3. What trials, assays, tests, processes, etc. will need to be developed to be able to prove a product can meet or exceed optimal product attributes?

Several new tools and methodologies will need to be developed to accurately evaluate a vaccine’s product attributes:

• Assays for mucosal immunity: Given that SARS-CoV-2 is primarily transmitted through aerosols generated in the upper respiratory tract, it is crucial to develop better assays for measuring immunity in these areas. These could include both in vitro methods such as ELISA for measuring antibody levels at mucosal surfaces (like nasal swabs for intranasal vaccines), and in vivo methods involving animal models to study local immune response at mucosal surfaces. 
• Cross-neutralizing Antibody Assays: To evaluate the breadth of protection offered by pan-coronavirus vaccines, assays that can measure the ability of vaccine-induced antibodies to neutralize various coronaviruses are needed. 
• Next-Generation Technologies: Advanced technologies such as single-cell RNA sequencing can provide a detailed understanding of the immune response to vaccination. In addition, next-generation sequencing technologies can track viral evolution in vaccinated individuals — providing insights into the vaccine’s ability to prevent the emergence of new variants since most novel variants come from persistent infections in immunocompromised individuals.

Appendix

SIR model to simulate three scenarios of transmission reduction:

Let’s suppose there is a future novel SARS-CoV-2 variant that is as different from current circulating variants as Omicron BA.1 was from the Delta variant. A UK study found that, among individuals with 2 COVID vaccine doses, the onward non-household adjusted secondary attack rate was ~3.7% for Delta as compared to ~7.5% for Omicron. And among the unvaccinated, the non-household adjusted secondary attack rate was ~4.9% for Delta, compared to ~8.8% for Omicron.

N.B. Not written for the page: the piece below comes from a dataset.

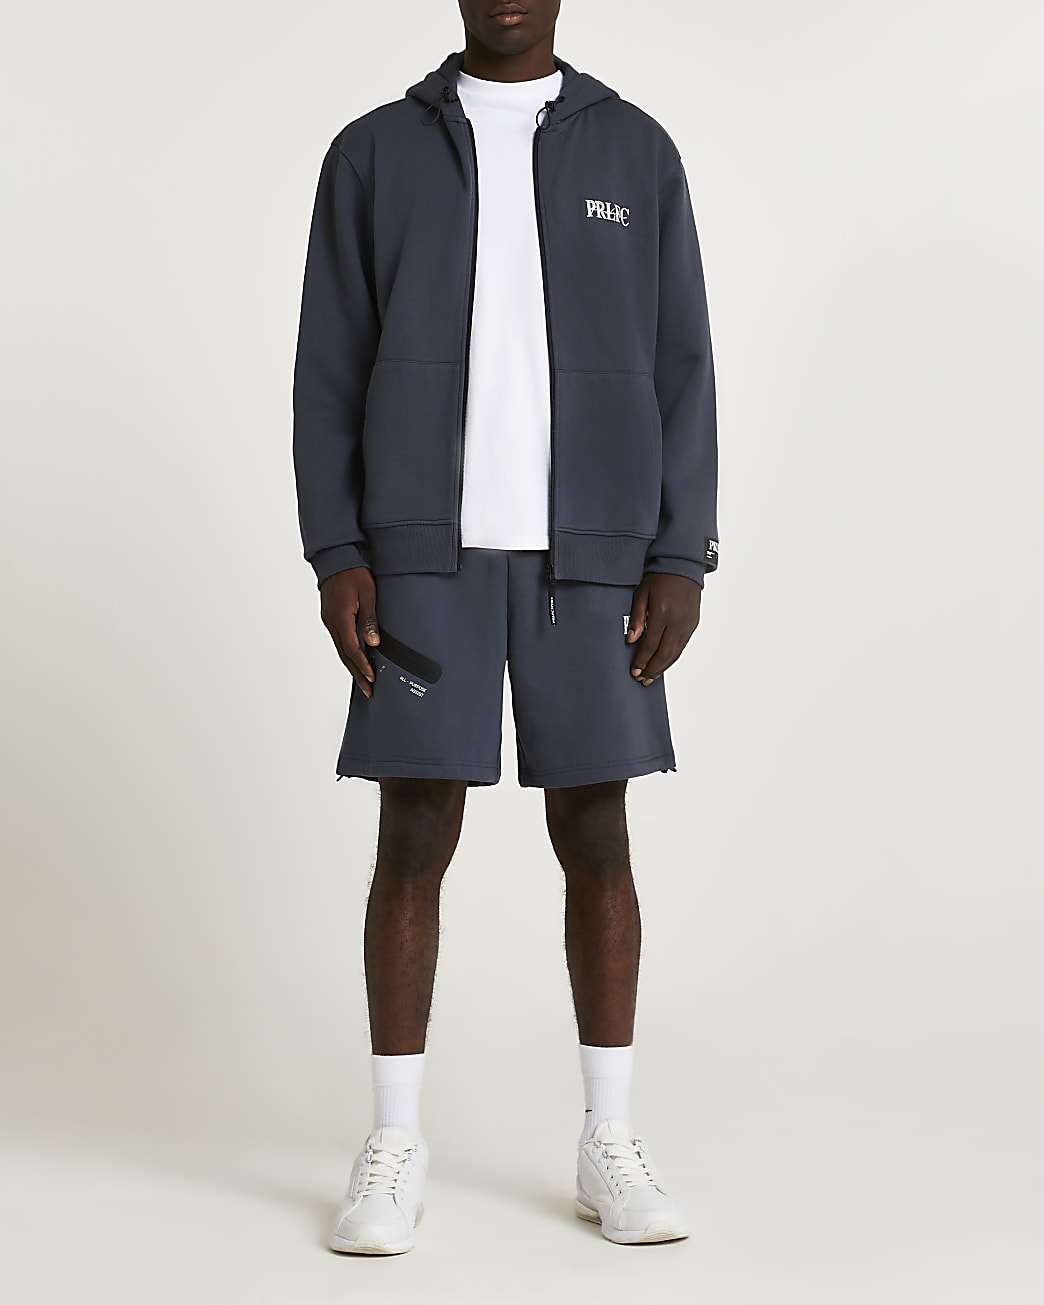 Prolific grey regular fit shorts

Let’s assume the following initial values and parameters: 

• Population: 100,000
• Vaccination rate: 69.5% of U.S. population have completed primary series (usually, 2 doses)
• Secondary attack rates:
  • Vaccinated: 3.7% for Delta and 7.5% for Omicron
  • Unvaccinated: 4.9% for Delta and 8.8% for Omicron
• Initial infected: 10 
• Infection rate: adjusted based on secondary attack rates for vaccinated and unvaccinated individuals and the scenarios being considered
• Recovery rate: 0.3

Scenarios:

• Current scenario (no threshold): this represents the scenario in which immunity comparable to that induced by current vaccination is used and there is no set threshold for reduction of viral transmission
• Scenario with 50% threshold: A new 50% threshold target for viral transmission reduction 
• Scenario with 70% target: The existing 70% optimal target for viral transmission reduction

There are many assumptions in this simple SIR model that would of course not hold in reality, but these simulations clearly show there would be a substantial impact of setting a threshold target for viral transmission — in particular, that the setting of higher targets is nonlinear. A new threshold target of 50% provides considerable reduction in infections, while the existing optimal target of 70% would massively reduce the number of infections.